For Wen, the key role of the festival is to help local productions go international. Every year after the festival ends, the organizer volunteers to select a group of films from the Taipei Awards competition for export to foreign film festivals. Last year, 25 films out of the selected 30 were screened outside Taiwan.
To build up its world-class status, since 2004, TFF has also included Global Chinese Films and Videos in its lineup and aims to become the international center of global Chinese cinema. This year sees the surge of gay-themed works such as Cut Sleeve Boys from UK and Innocent from Hong Kong.

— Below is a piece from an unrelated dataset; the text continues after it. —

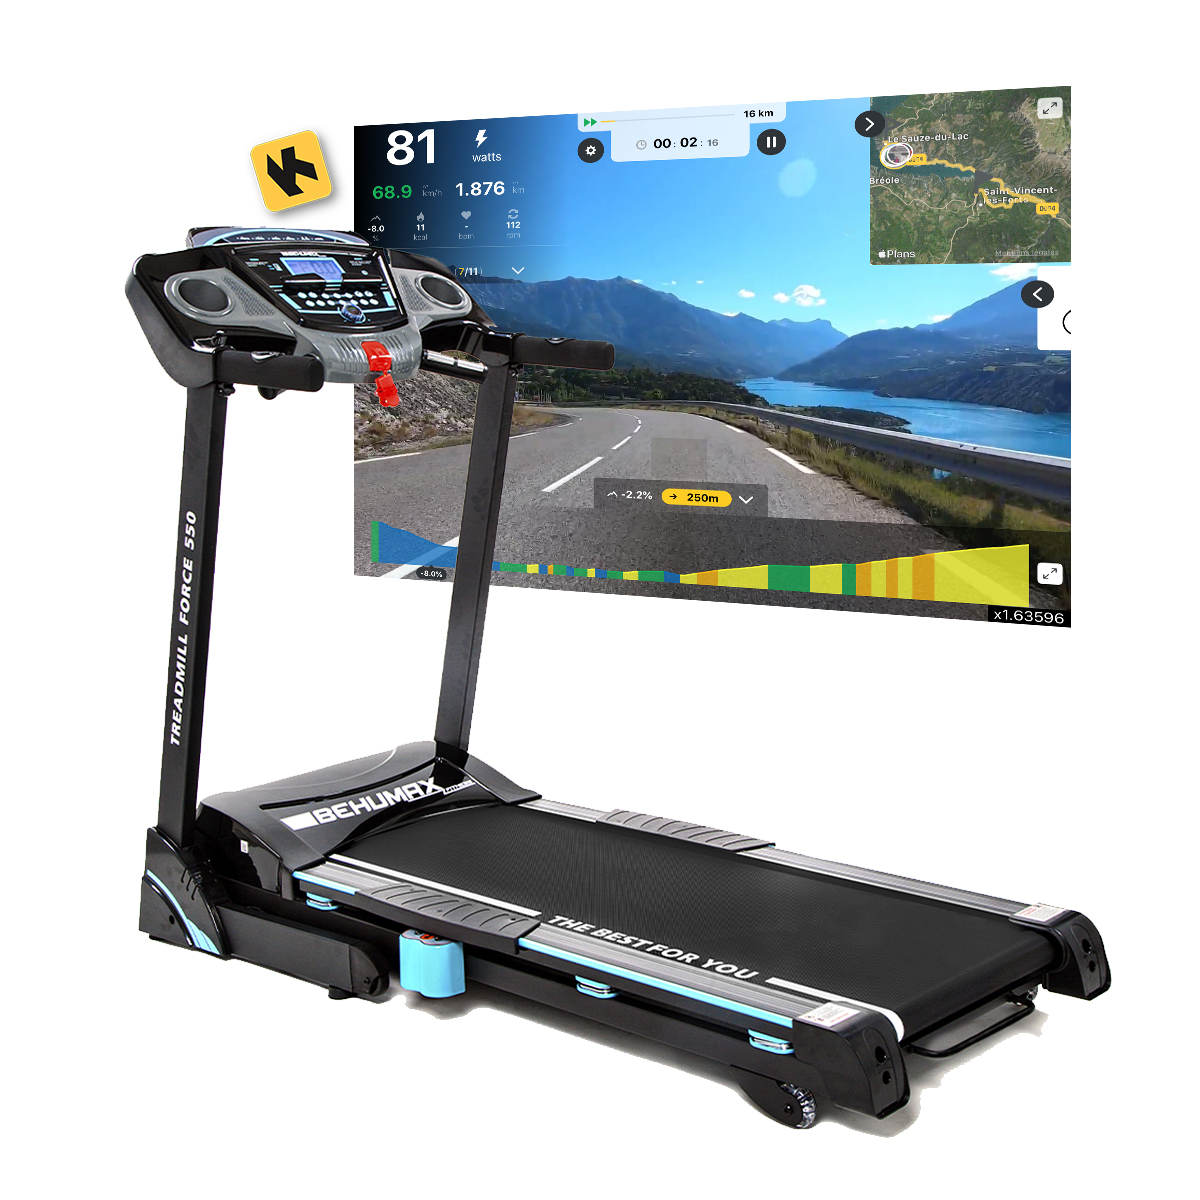 Passadeira Treadmill Force 350 Behumax con monitor LED
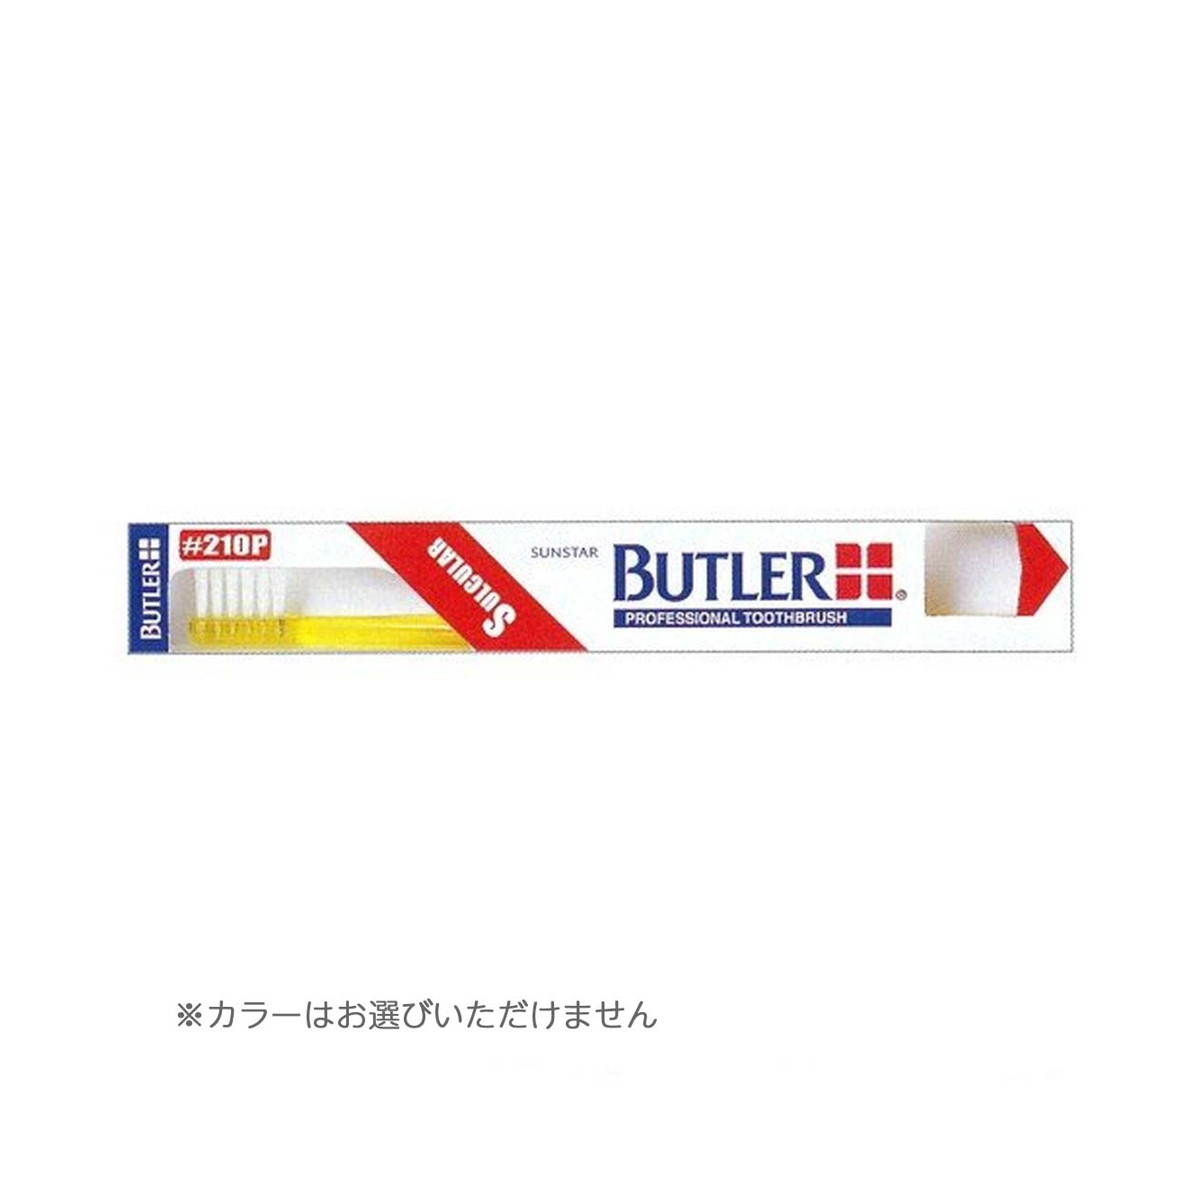 【送料込・まとめ買い×576個セット】サンスター BUTLER バトラー 歯ブラシ #210P 歯肉溝用 ※色は選べません

The award-winning Chinese film Dam Street (紅顏) presents a poignant view on women’s struggles in a conservative society while local veteran documentary filmmaker Huang Ting-fu (黃庭輔) murmurs out the story of betel nut beauties in meditative black-and-white imagery.
CITY VISIONS
As for this year’s City Vision sections, it features films from Montreal and Toronto, and fans of the Canadian master Atom Egoyan will surely be delighted by the mini-retrospective show that includes Family Viewing (1987), Speaking Parts (1989) and The Adjuster (1991) and his latest work Where the Truth Lies, which is the festival’s closing film.
Another welcome surprise is idiosyncratic David Cronenberg whose 1988 classical Dead Ringers starring Jeremy Irons and early experimental sci-fi will satisfy the cult movie crowd. Other must-sees among the 166 films screened during the festival include the collaboration between Canadian Guy Maddin and Isabella Rossellini in the short My Dad 100 Years Old where the actress plays the roles of Hitchcock, Fellini and Chaplin to pay tribute to her father Roberto Rossellini in the celebration of the centennial anniversary of his birth. The Sun is the last piece of the trilogy by the Russian master Alexander Sokurov, which reexamines the life of Japanese emperor Hirohito.
As for the program director’s personal favorite, the film school textbook classics Warrendale, A Married Couple and Memory for Max, Claire, Ida and Company by the legendary figure in non-fictional cinema Allan King will also be shown. They are a revelation in how documentary films can stir up the deepest emotional resonance through the exceptional intimacy shared by the observer and his subjects.